Two Jokes For Men

Kell Connor
The Accident

A traveling salesman’s car breaks down on a lonesome rural road. He trudges to a farmhouse and pounds on the door. The farmer answers, irritated. “My car ….” begins the salesman, suddenly weeping. The farmer softens. “I see that you are a man who loves to weep,” says the farmer. “I would like to introduce you to my daughter.” He takes the salesman’s hand and leads him away from the house, out into the dark field. The salesman’s weeping increases in intensity, and the farmer responds by picking the salesman up, carrying him in his strong arms like a small child. The farmer makes no other attempt to soothe or console the weeping salesman, and walks briskly, with great purpose, toward some sort of large farm machinery. It’s a thresher, and its engine is churning but the blades seem stalled, not idling exactly, but jammed, straining. “My thresher ….” stammers the farmer, now weeping directly onto the salesman’s own weeping face. “Mama, I’m caught in the farm machine,” cries a voice from somewhere inside the thresher. “That’s my daughter,” sobs the farmer. “She’s been trapped in there for a month now.”

 

The Accident

A traveling salesman’s rental car stalls on a dim country road. He waits in the car with all of the windows rolled down for the wolves to come and finish him. He falls asleep sometime in the night. A wandering farmer wakes him in the morning, waving a photo of a teenage girl in his face. “Have you seen my daughter?” says the farmer. The sleeping salesman wakes slowly and says he’s waiting for the wolves. “I need you to help me find my daughter,” says the farmer, climbing into the backseat of the broken down rental car. “It won’t start,” protests the traveling salesman. “We’ll wait,” whispers the farmer. They spend a full week in the car, sleeping deeply and often.
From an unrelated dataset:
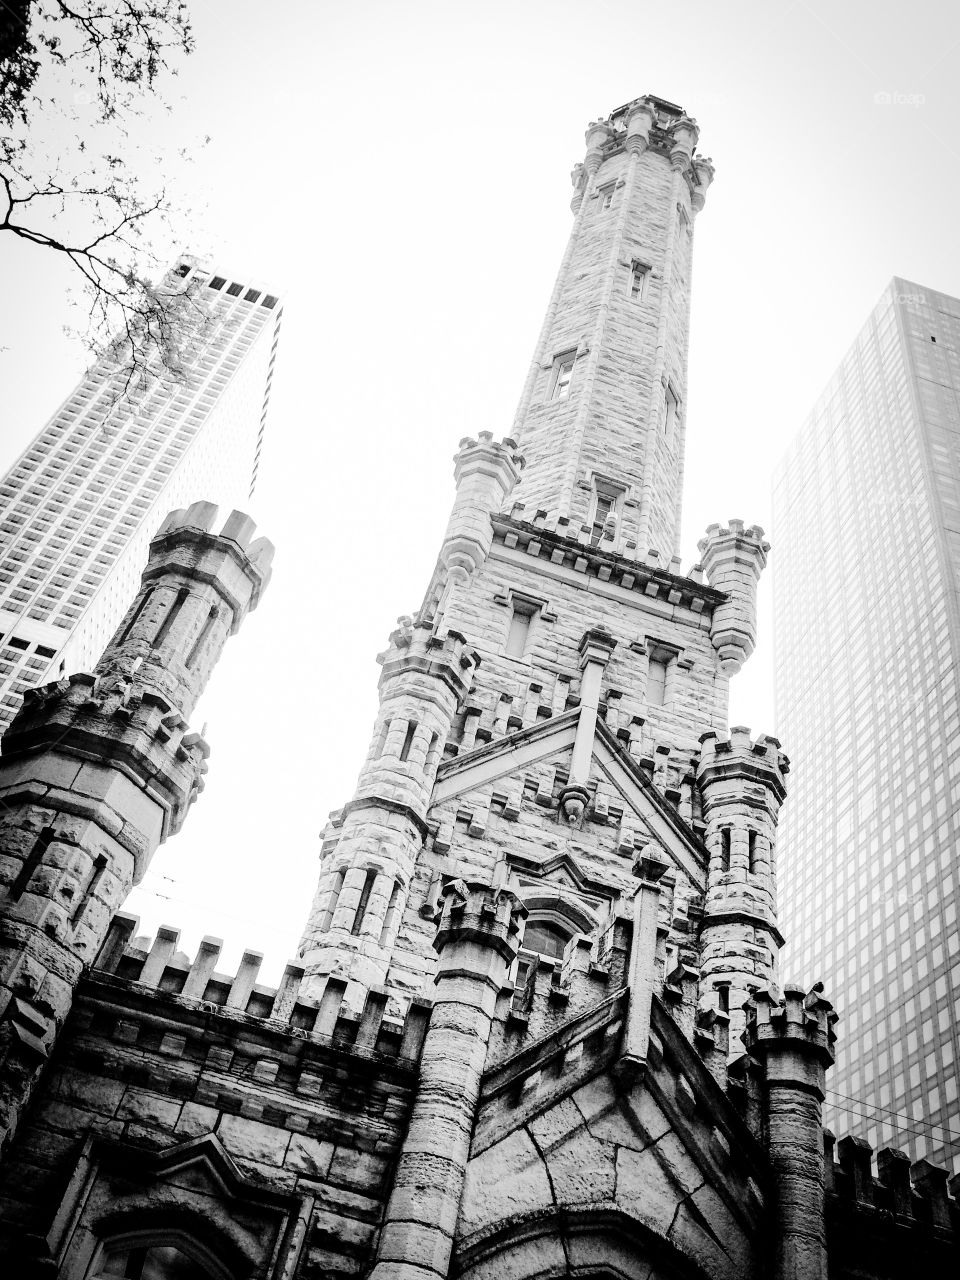 Chicago's Old Watertower. The symbolic survivor of the Great Chicago Fire. 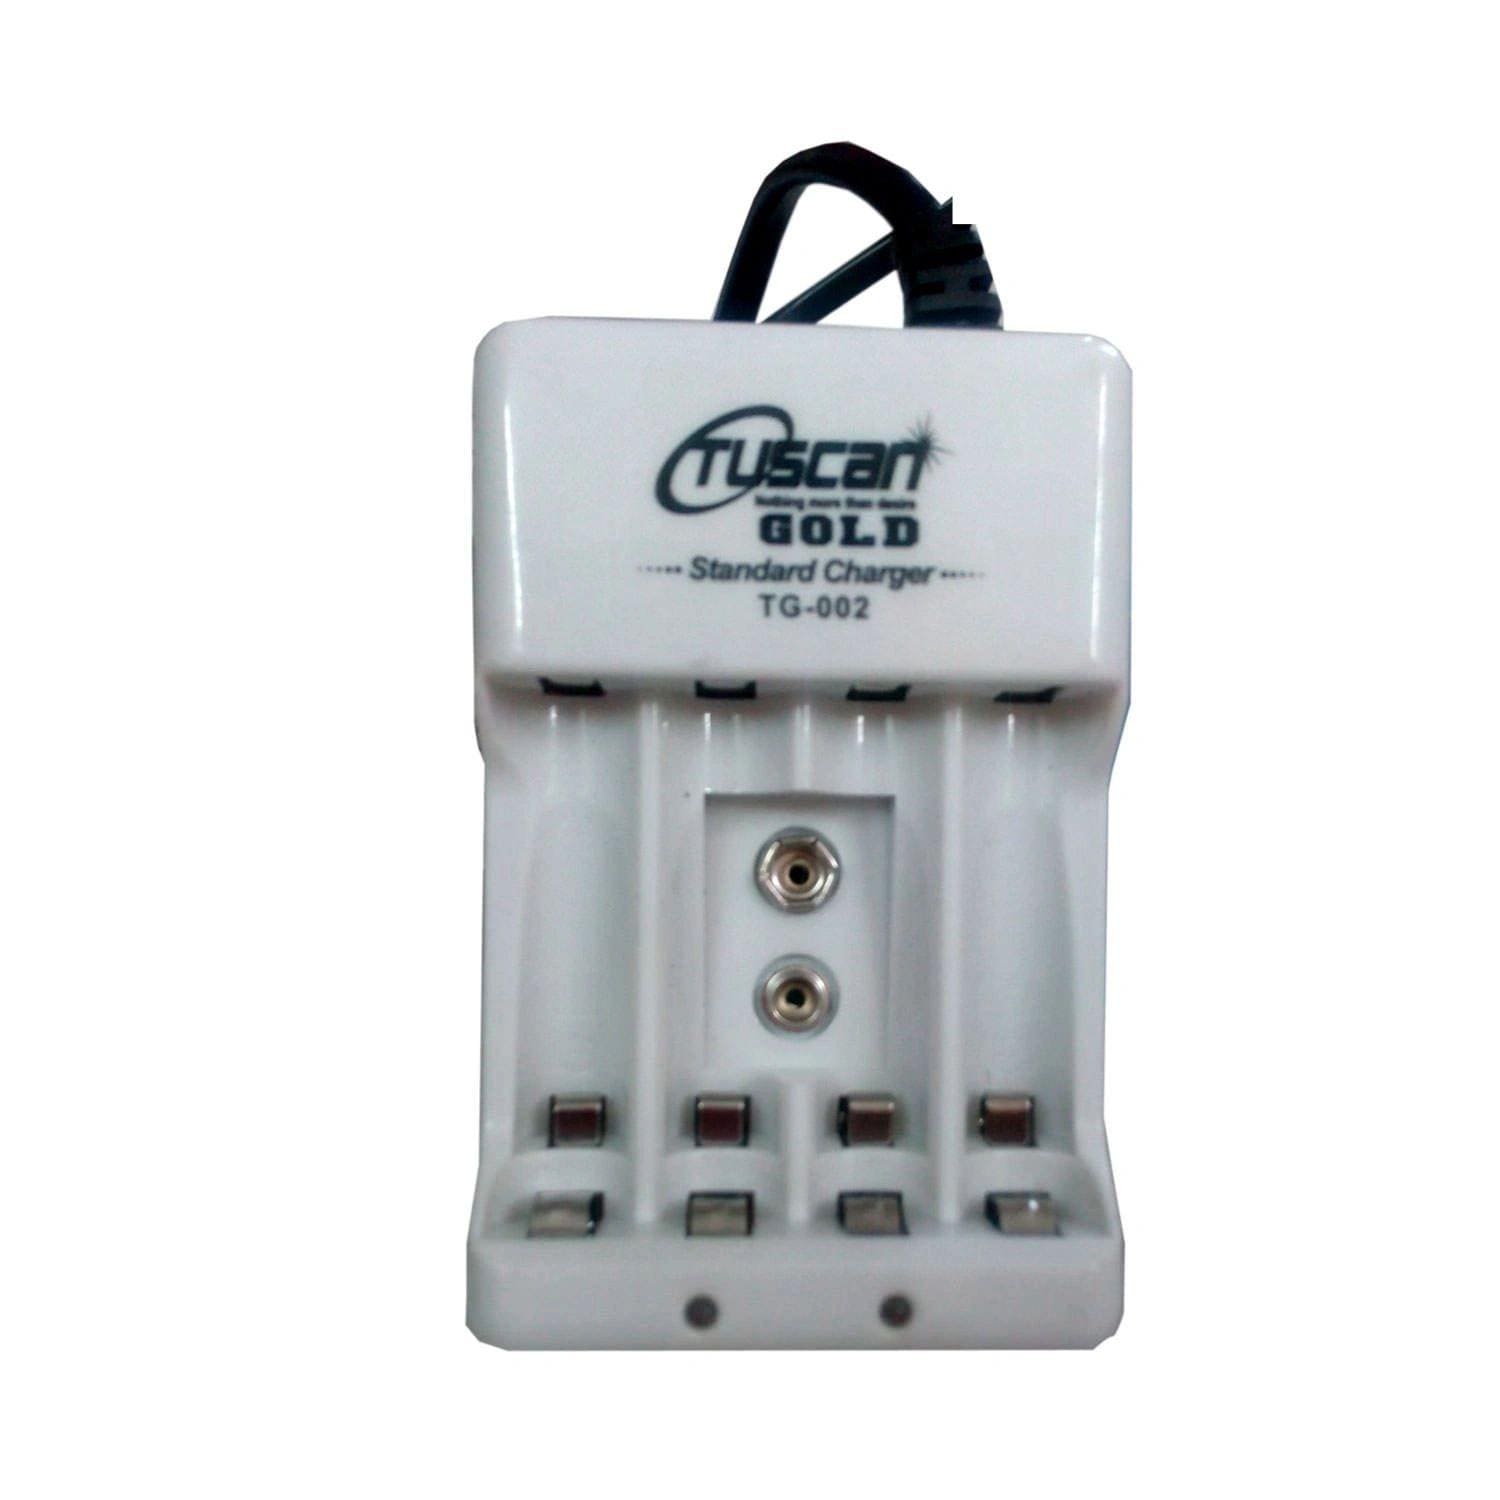 Tuscan Gold Battery Charger for AA, AAA and 9V Batteries TG-002-Rechargeable Batteries-dealsplant

On the seventh morning, the traveling salesman says, “We will starve soon.” The farmer agrees. “There’s only one way out of this mess,” says the farmer, “but you might not like it.” The traveling salesman insists that he’ll do whatever it takes to save their lives. “Okay, then,” says the farmer. “You are my beautiful daughter now. Let’s go back to the farm and have a big supper.” The traveling salesman cries tears of pure joy for the rest of his natural life as a beautiful daughter.